# Cooper's Christmas Jumper



## Cooper's Mum (Oct 28, 2014)

Cooper's Christmas jumper came today and the girls couldn't wait for him to try it on. We think he looks rather handsome, but he's not so sure!


----------



## Datun Walnut (Oct 15, 2013)

Hee Hee - the curse of the ipad has struck again.
Cooper doesn't look real - he looks too perfect. What a cutey


----------



## RuthMill (Jun 30, 2012)

Awesome cute!

We should start a christmas outfit thread


----------



## Marzi (Sep 17, 2012)

Lovely, lovely puppy.Cute jumper too, but Cooper is just gorgeous.


----------



## Lorac (Sep 23, 2014)

Awww, bless! He looks so cute and snug. Happy Christmas Cooper.


----------



## Miss Lilly (Sep 12, 2014)

He's way too cute to be real, surely?


----------



## erinafare (Dec 9, 2012)

Cooper looks lovely in his jumper true he doesn't look real.
You have inspired me to get my two one each.
I am going to the Essex Girl's favourite shopping centre Lakeside today I am sure to get something there for them


----------



## ibarneyb (Nov 30, 2014)

Lovely pic of a beautiful dog


----------



## DB1 (Jan 20, 2012)

scrummy boy (even on his head!), Christine I imagine you may have to buy 'people' jumpers for your two, only seem to see little ones for dogs.


----------



## erinafare (Dec 9, 2012)

DB1 said:


> scrummy boy (even on his head!), Christine I imagine you may have to buy 'people' jumpers for your two, only seem to see little ones for dogs.


You are right Dawn didn't see anything in there size. 
Next stop Mothercare x


----------



## Cooper's Mum (Oct 28, 2014)

I got Cooper's in Next. I had to get the medium because Cooper is already 6.3kg even though he's only 13 weeks old. I think I'll be buying XL next year!


----------



## erinafare (Dec 9, 2012)

Cooper's Mum said:


> I got Cooper's in Next. I had to get the medium because Cooper is already 6.3kg even though he's only 13 weeks old. I think I'll be buying XL next year!
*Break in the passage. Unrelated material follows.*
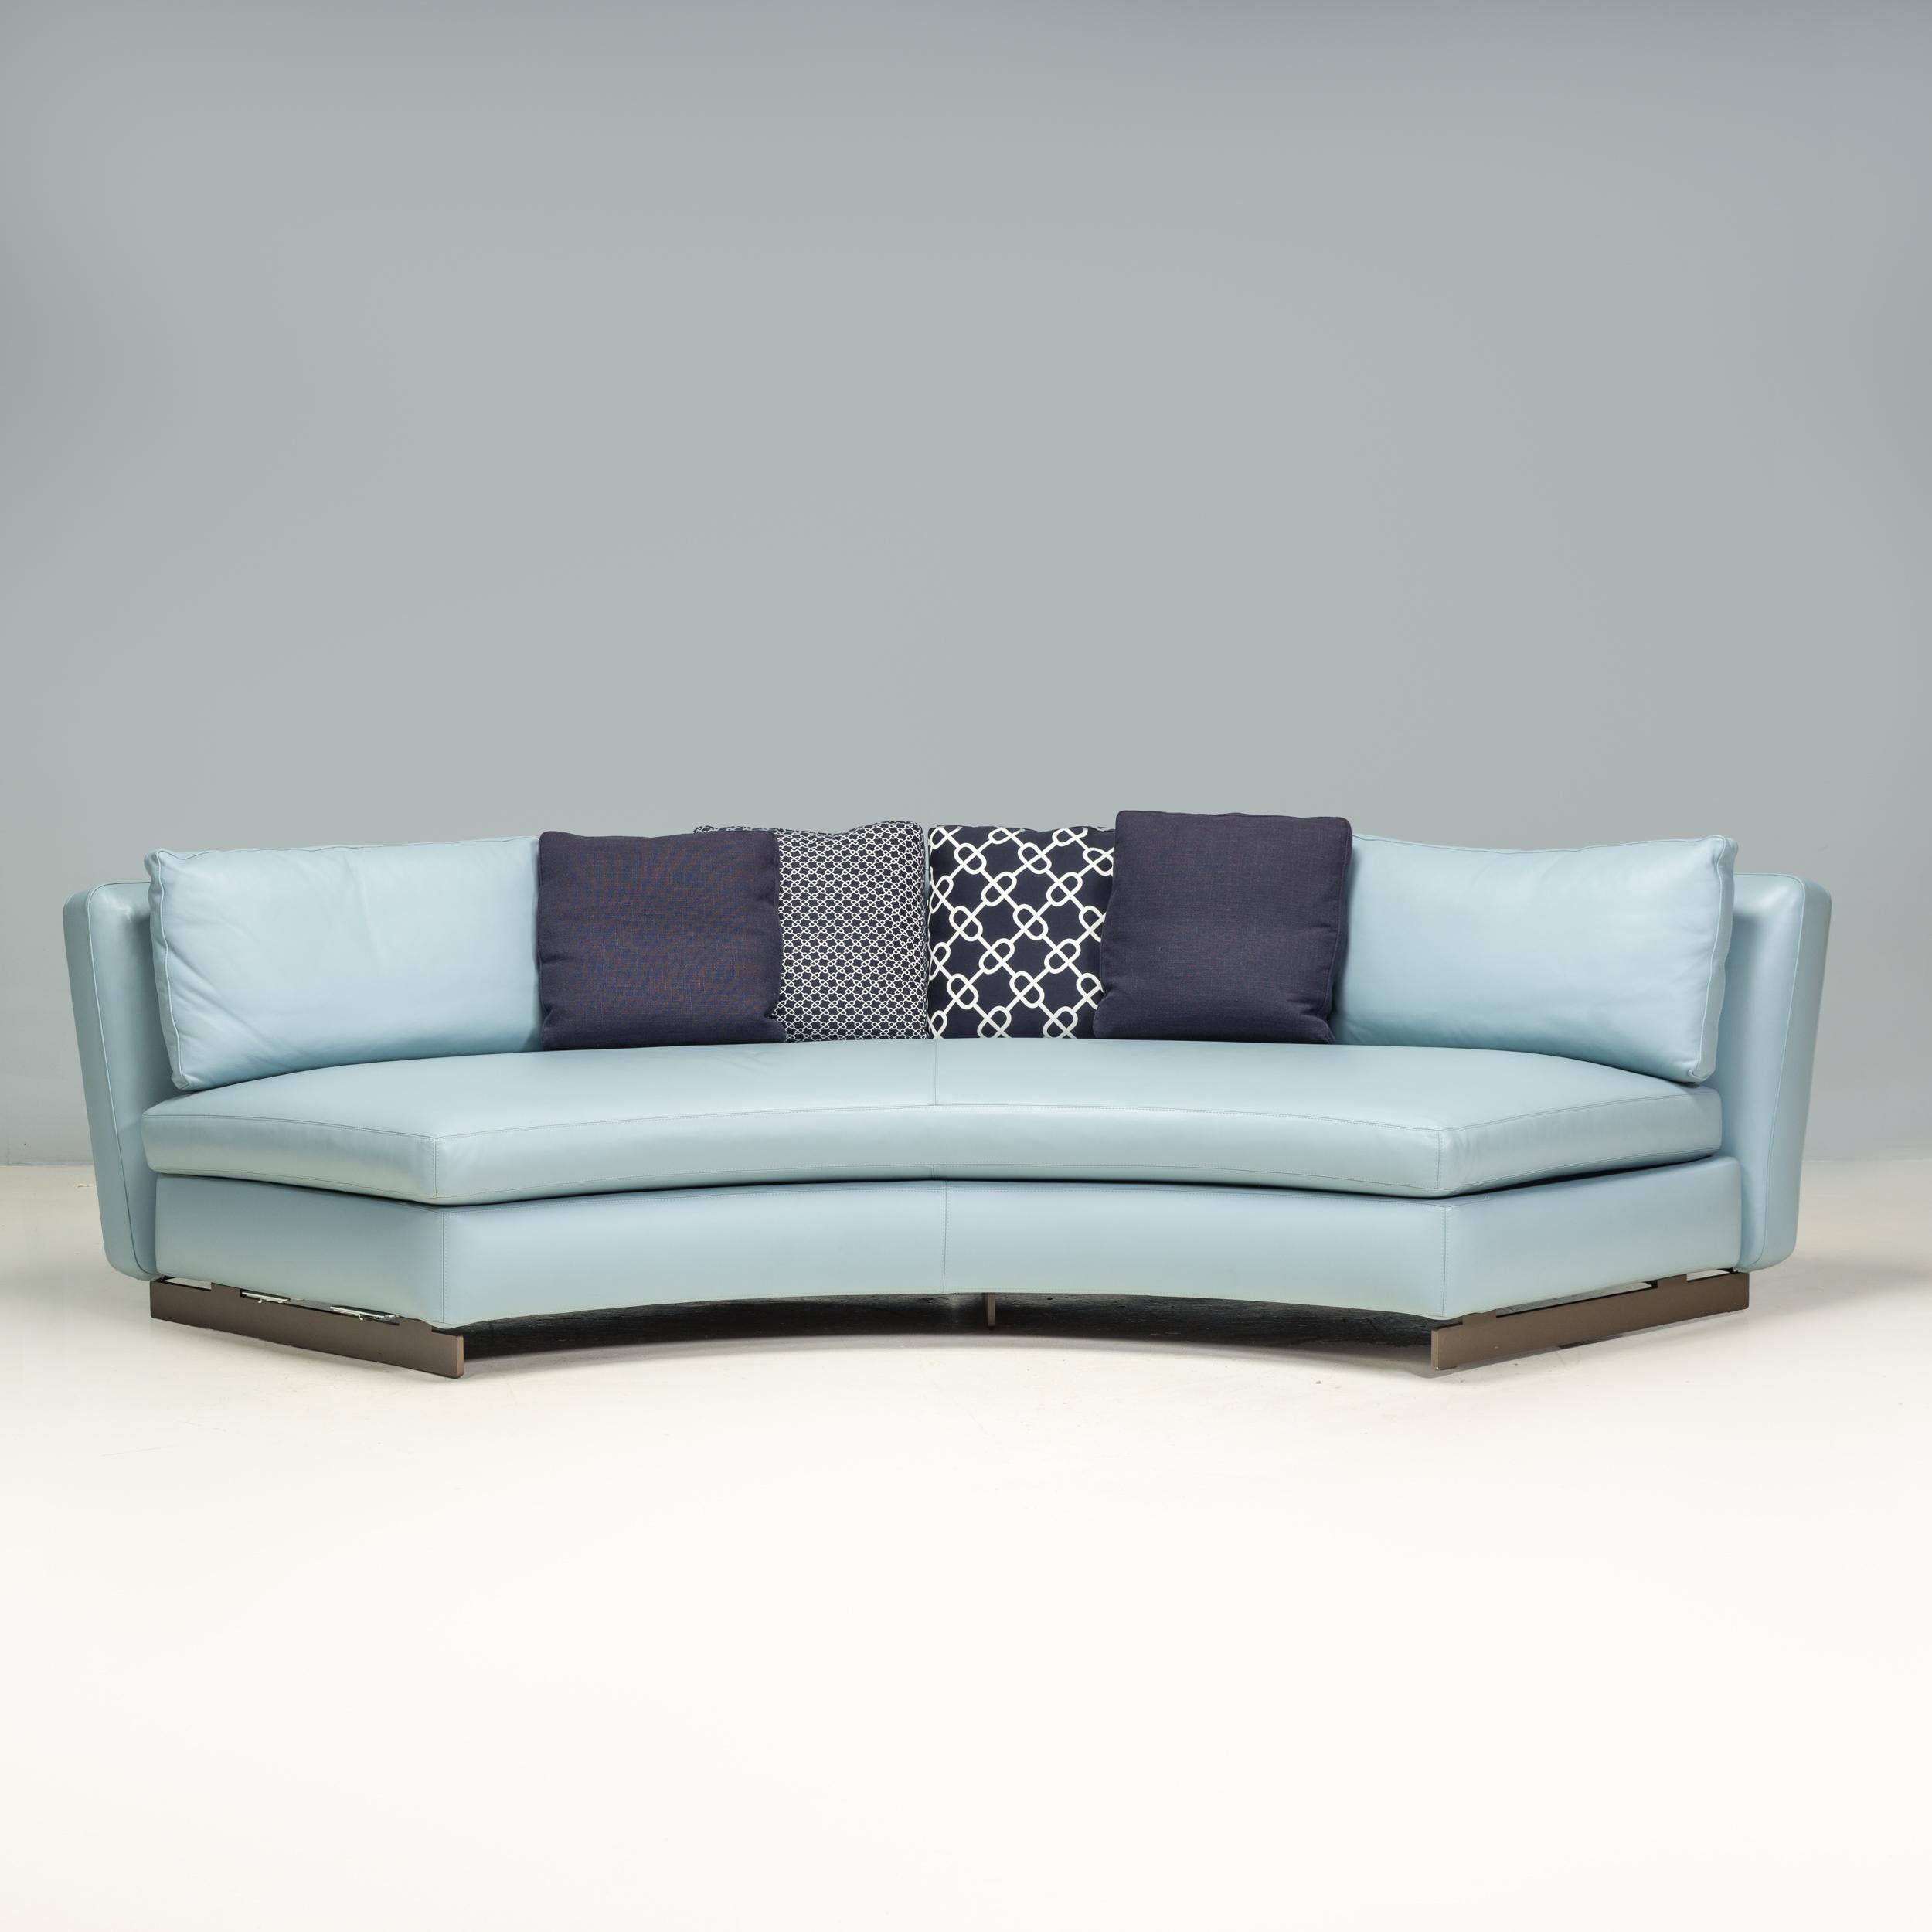 Originally designed by Roldolfo Dordoni in 2015 and manufactured by Minotti, the Seymour low sofa is a fantastic example of modern Italian design.

With a curvaceous silhouette, the sofa has a semi-circular seat with a curved backrest and sits on

Is it a human jumper. Didn't think of doing that.
Mind you Boycie wore a babygrow when he was neutered.


----------



## Lottierachel (Mar 3, 2013)

http://www.next.co.uk/g67228s4#673539g67

Here are the next doggy christmas jumpers. Very nice and great that they do a range of sizes!


----------



## erinafare (Dec 9, 2012)

I had no idea they did pet stuff.
I was in there today looking at furniture.
Thank you off there tomorrow xxx


----------